We need to initialize a simulation.
from openfisca_france import FranceTaxBenefitSystem
tax_benefit_system = FranceTaxBenefitSystem()
scenario = tax_benefit_system.new_scenario()
scenario.init_single_entity(
period = 2015,
parent1 = dict(
age = 30,
salaire_de_base = 50000,
),
enfants = [
dict(age = 12),
dict(age = 18),
],
)
simulation = scenario.new_simulation()
A simulation's variable is calculated for a specific period.
This specific time interval have to be given when calling a variable to avoid computation problem.
Some variables are computed over the month.
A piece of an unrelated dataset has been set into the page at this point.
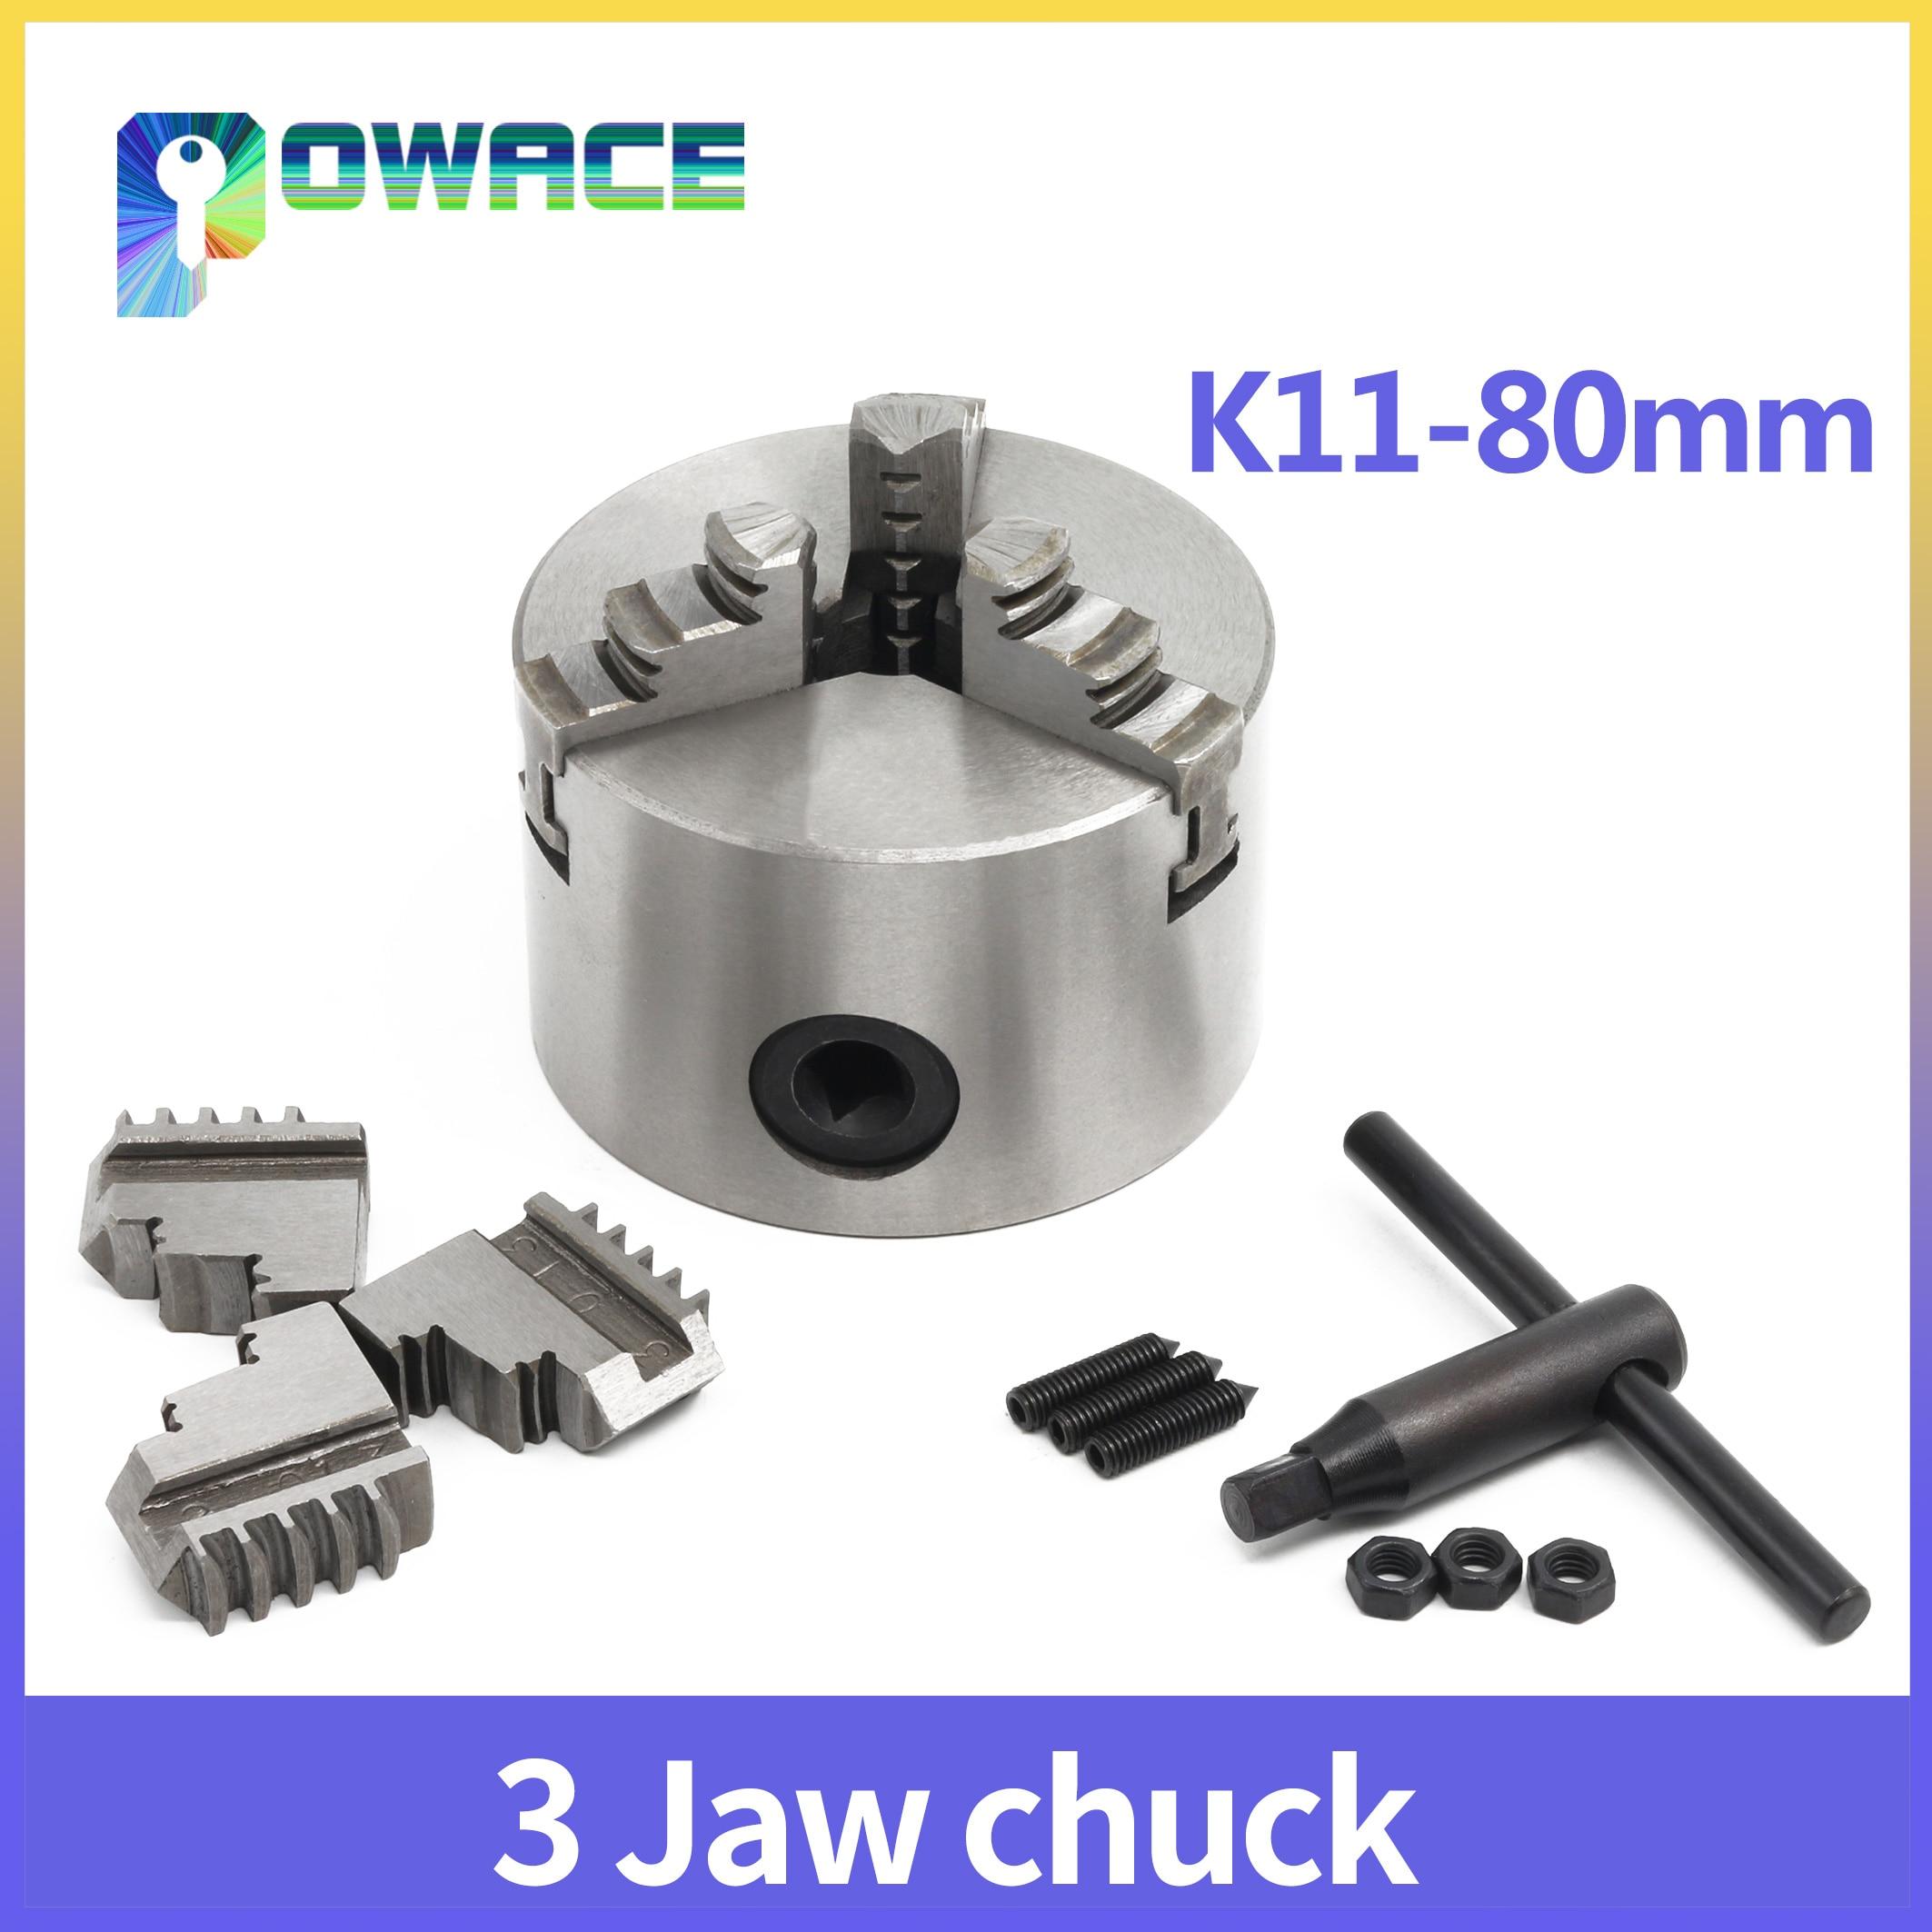 3 кулачковый K11-80mm ручной Самоцентрирующийся патрон CNC станок токарный патрон 4800р/мин 40н. М

For exemple the variable allocation familiales
.
If called on an annual basis, an error is displayed :
simulation.calculate('af', '2015')
AssertionErrorTraceback (most recent call last) <ipython-input-2-8a82c7f215b6> in <module>() ----> 1 simulation.calculate('af', '2015') /home/notebook/virtualenvs/openfisca/local/lib/python2.7/site-packages/openfisca_core/simulations.pyc in calculate(self, column_name, period, **parameters) 72 if period is None: 73 period = self.period ---> 74 return self.compute(column_name, period = period, **parameters).array 75 76 def calculate_add(self, column_name, period = None, **parameters): /home/notebook/virtualenvs/openfisca/local/lib/python2.7/site-packages/openfisca_core/simulations.pyc in compute(self, column_name, period, **parameters) 157 caller_input_variables_infos.append(variable_infos) 158 holder = self.get_or_new_holder(column_name) --> 159 result = holder.compute(period = period, **parameters) 160 if print_trace: 161 self.print_trace(variable_name=column_name, period=period, **print_trace_kwargs) /home/notebook/virtualenvs/openfisca/local/lib/python2.7/site-packages/openfisca_core/holders.pyc in compute(self, period, **parameters) 140 assert accept_other_period or formula_dated_holder.period == period, \ 141 "Requested period {} differs from {} returned by variable {}".format(period, --> 142 formula_dated_holder.period, column.name) 143 return formula_dated_holder 144 array = np.empty(entity.count, dtype = column.dtype) AssertionError: Requested period 2015 differs from 2015-01 returned by variable af
This assertion error :
"Requested period 2015 differs from 2015-01 returned by variable af
"
means exactly the fact that af
are computed for a month, therefore the variable returned value for 2015-01
.
But when called on its period (monthly), the result of the variable's formula will be returned
simulation.calculate('af', '2015-01') #calculate variable af for January 2015
array([ 129.99000549], dtype=float32)
Other formulas only works on a annual basis, thus a monthly call will not work, e.g irpp (impôt sur le revenu) :
simulation.calculate('irpp', '2015-01')
AssertionErrorTraceback (most recent call last) <ipython-input-4-c5f820ae8a5c> in <module>() ----> 1 simulation.calculate('irpp', '2015-01') /home/notebook/virtualenvs/openfisca/local/lib/python2.7/site-packages/openfisca_core/simulations.pyc in calculate(self, column_name, period, **parameters) 72 if period is None: 73 period = self.period ---> 74 return self.compute(column_name, period = period, **parameters).array 75 76 def calculate_add(self, column_name, period = None, **parameters): /home/notebook/virtualenvs/openfisca/local/lib/python2.7/site-packages/openfisca_core/simulations.pyc in compute(self, column_name, period, **parameters) 157 caller_input_variables_infos.append(variable_infos) 158 holder = self.get_or_new_holder(column_name) --> 159 result = holder.compute(period = period, **parameters) 160 if print_trace: 161 self.print_trace(variable_name=column_name, period=period, **print_trace_kwargs) /home/notebook/virtualenvs/openfisca/local/lib/python2.7/site-packages/openfisca_core/holders.pyc in compute(self, period, **parameters) 140 assert accept_other_period or formula_dated_holder.period == period, \ 141 "Requested period {} differs from {} returned by variable {}".format(period, --> 142 formula_dated_holder.period, column.name) 143 return formula_dated_holder 144 array = np.empty(entity.count, dtype = column.dtype) AssertionError: Requested period 2015-01 differs from 2015 returned by variable irpp
It must be called on an annual basis :
simulation.calculate('irpp', '2015') #calculate variable irpp for 2015
array([-2400.52807617], dtype=float32)
When a variable is called without period, the simulation's default period is used.
simulation.period
Period((u'year', Instant((2015, 1, 1)), 1))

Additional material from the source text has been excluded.